Re: Stochastic bisection support

Jan Kara <jack@xxxxxxx> · Mon, 22 Nov 2021 14:31:23 +0100

Hi!

On Mon 22-11-21 13:55:33, Christian Couder wrote:
> On Thu, Nov 18, 2021 at 9:33 PM Jan Kara <jack@xxxxxxx> wrote:
> >
> > Hello,
> >
> > In some cases regressions (or generally changes) we are trying to bisect have
> > probabilistic nature. This can for example happen for hard to trigger race
> > condition where it is difficult to distinguish working state from just not
> > hitting the race or it can happen for performance regressions where it is
> > sometimes difficult to distinguish random workload fluctuations from the
> > regression we are looking for. With standard bisection the only option we have
> > is to repeatedly test suggested bisection point until we are sure enough which
> > way to go. This leads to rather long bisection times and still a single wrong
> > decision whether a commit is good to bad renders the whole bisection useless.
> >
> > Stochastic bisection tries to address these problems. When deciding whether a
> > commit is good or bad, you can also specify your confidence in the decision.
> > For performance tests you can usually directly infer this confidence from the
> > distance of your current result from good/bad values, for hard to reproduce
> > races you are usually 100% confident for bad commits, for good commits you need
> > to somehow estimate your confidence based on past experience with reproducing
> > the issue. The stochastic bisection algorithm then uses these test results
> > and confidences to suggest next commit to try, tracking for each commit the
> > probability the commit is the bad one given current test results.

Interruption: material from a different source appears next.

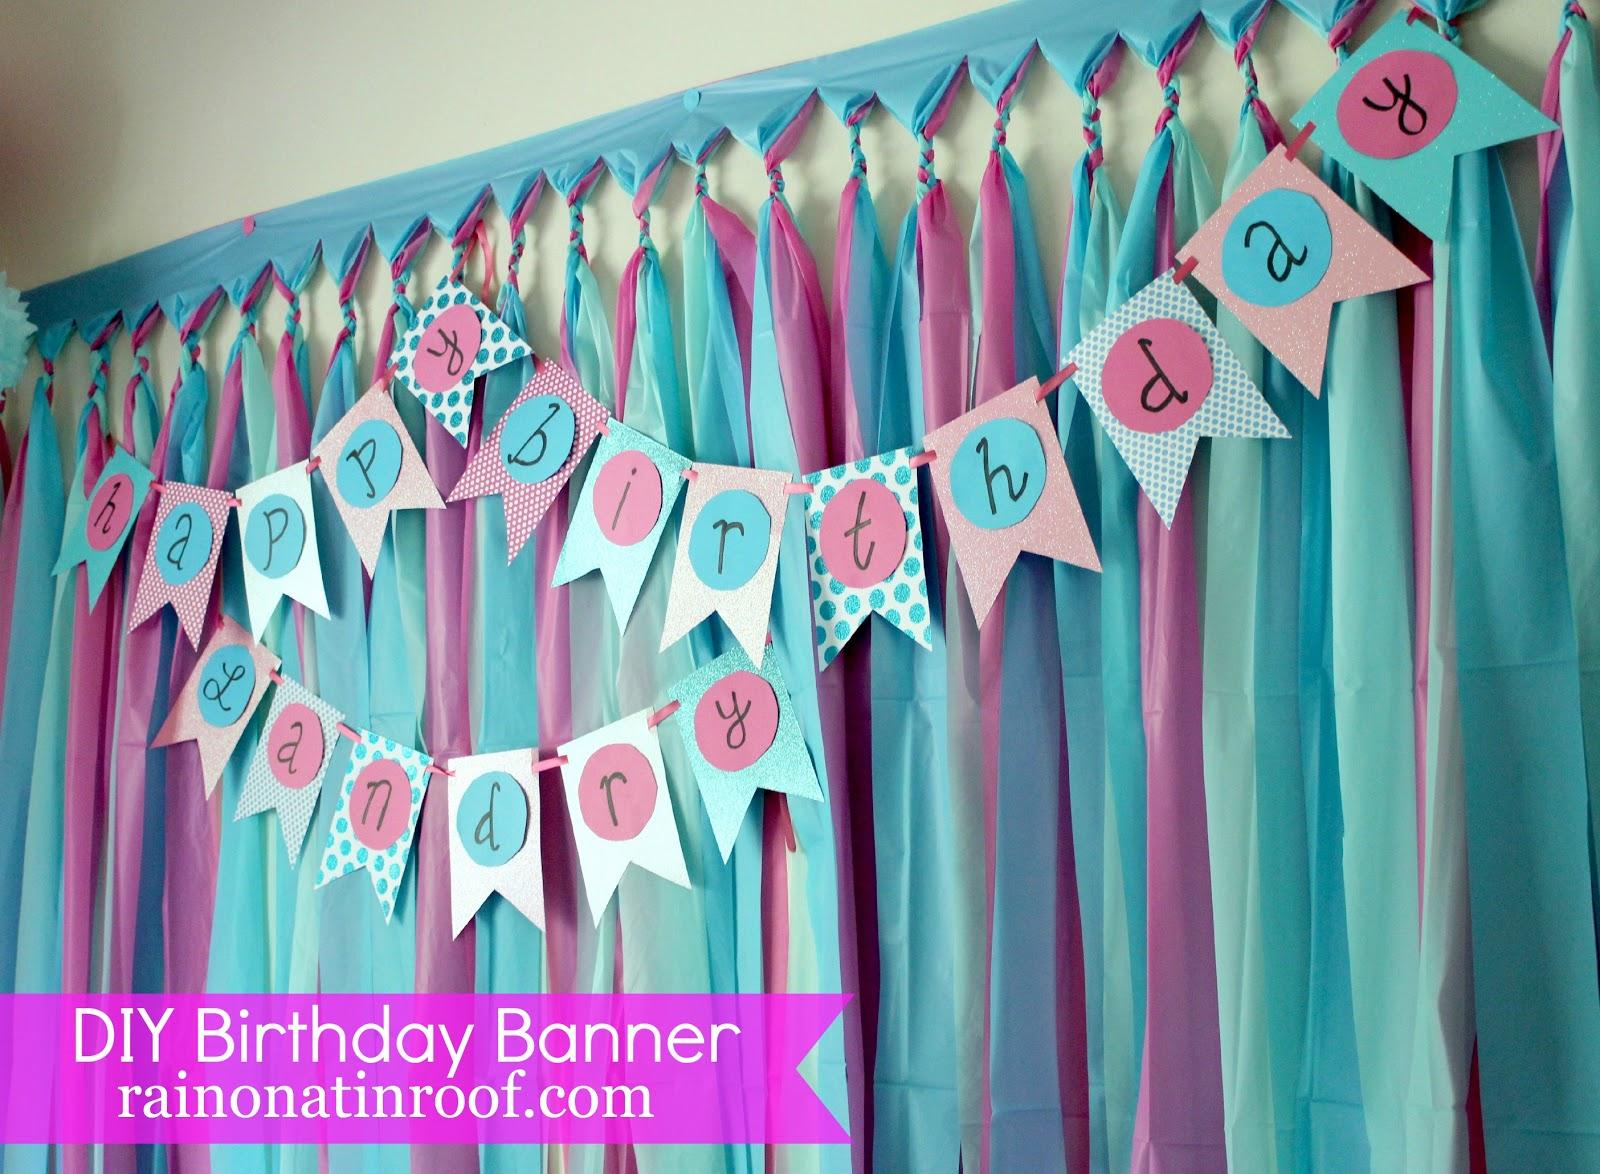 Easiest Ever Diy Birthday Banner Part 2

Once some
> > commit reaches high enough probability (set when starting bisection) of being
> > the bad one, we stop bisecting and annouce this commit.
> 
> The following project is based on Bayesian Search Theory and might be
> interesting if you haven't looked at it:
> 
> https://github.com/Ealdwulf/BBChop

Thanks for the link. I already know about that project and I had a look
into it when doing some initial research. But the biggest limitation of
that project is that it works only for linear history. I need to generally
bisect Linux kernel repository which has enough merges that the limitation
of linear history makes the use of the above tool impractical.

Furthermore direct integration of stochastic bisection into git makes this
easier to integrate into our performance testing framework.

								Honza
-- 
Jan Kara <jack@xxxxxxxx>
SUSE Labs, CR